Michael? He looks like he could weep. Or explode. Maybe both.

“I’m so sorry, Michael,” says the lawyer. “Perhaps, had he lived longer, your father would’ve once more amended his last will and testament to include your son as well.”

“No,” says David. “He wouldn’t have. We talked about it at dinner on Friday night. Dad thought Michael and his ‘partner’ pretending that they were parents was stupid. Dad didn’t believe in adoption. He believed in bloodlines. And legitimate heirs.”

“Dad was all about real family,” adds Judith. “When you adopt you’re not extending the family tree, you’re simply taking on somebody else’s problems.”

“You, Judith,” says Michael, sounding completely heartbroken, “are a fat, repulsive bitch.”

Yowser.

“Watch your mouth, little brother,” snaps David. “That’s my wife you’re talking about.”

“I know who and what she is-a hideous and heartless cow.”

“Gentlemen?” says the lawyer, banging the table with his fist like it’s a gavel.

Michael storms out of the room.

David and Judith shake their heads as if to say, “Poor, poor Michael.” Then they smile a little to savor their triumph.

Christine?

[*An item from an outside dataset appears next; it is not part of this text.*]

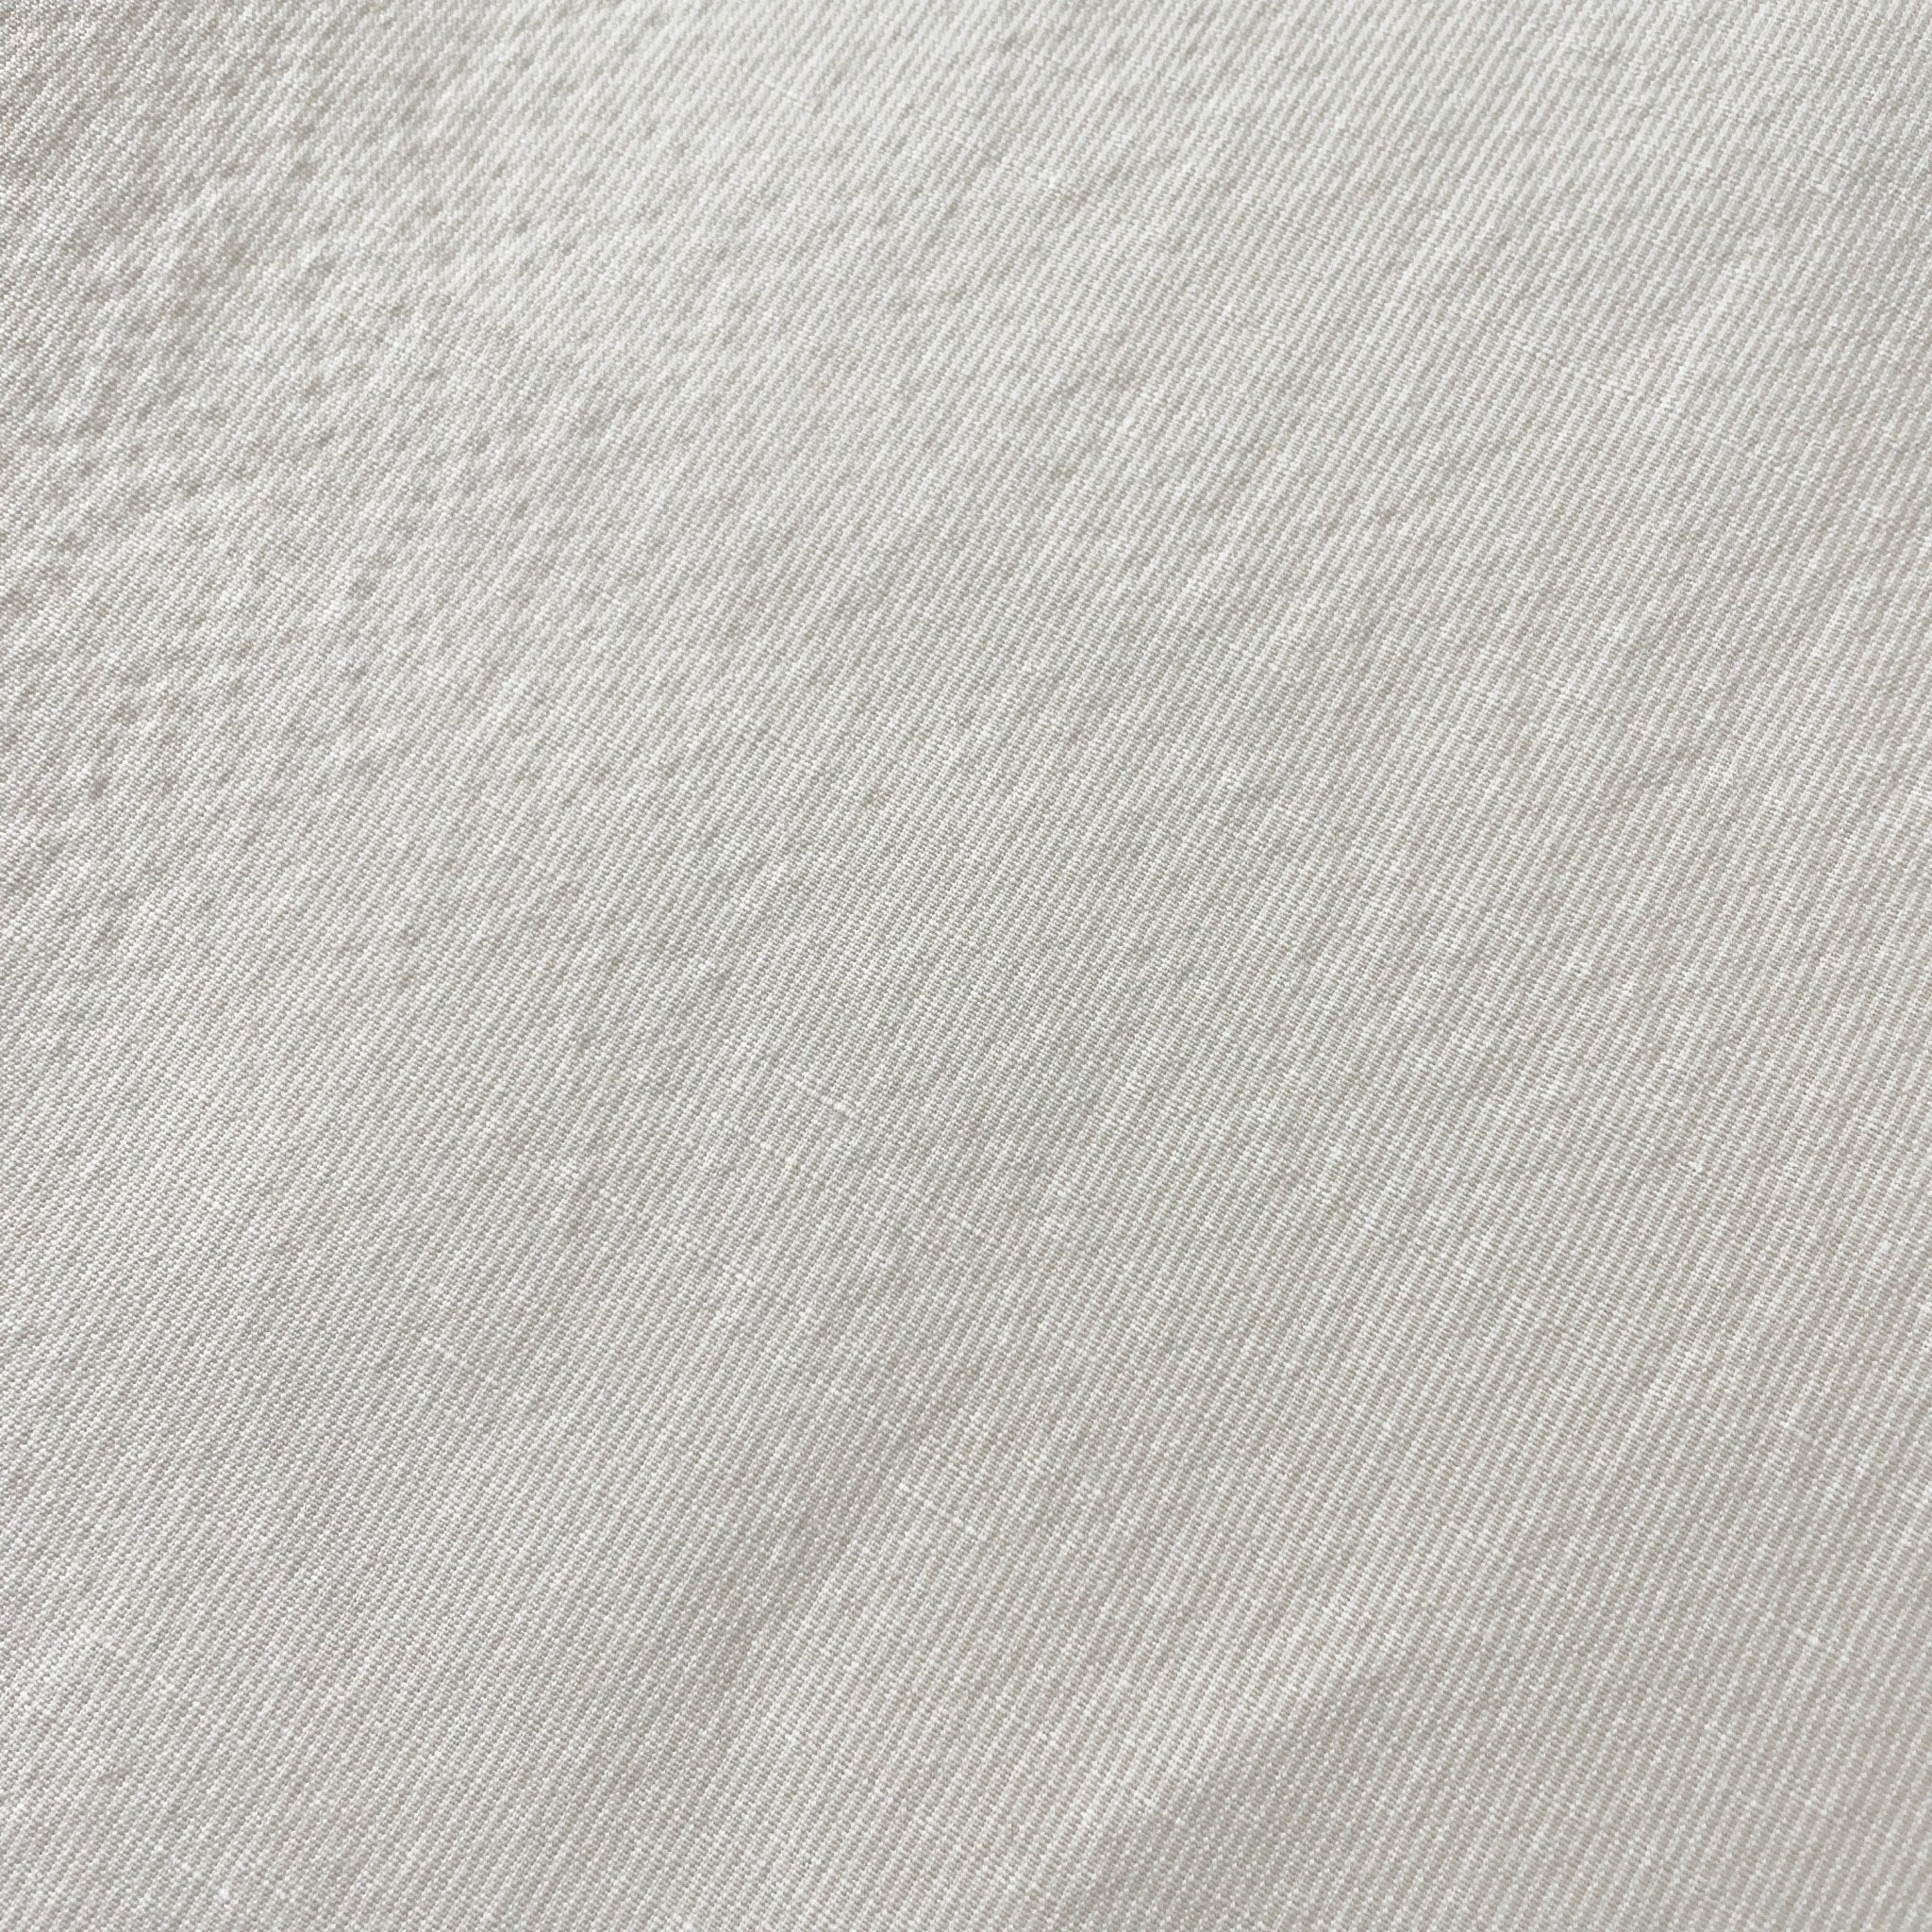 Linen Cotton Stripe Fabric 7087 7088 - The Linen Lab - 7087 BEIGE

She’s looking at me with a very nervous expression on her face.

I’m kind of looking at her the same way.

Because I have to wonder: Did the last elderly patient she took care of, Mrs. Mauna Faye Crabtree, also leave her a little sumpin’-sumpin’ in her will like Dr. Rosen did? Are deathbed bequests the bonuses of the home health aide trade?

If so, Christine might’ve had a solid motive for helping ease another one of her patients out the exit door.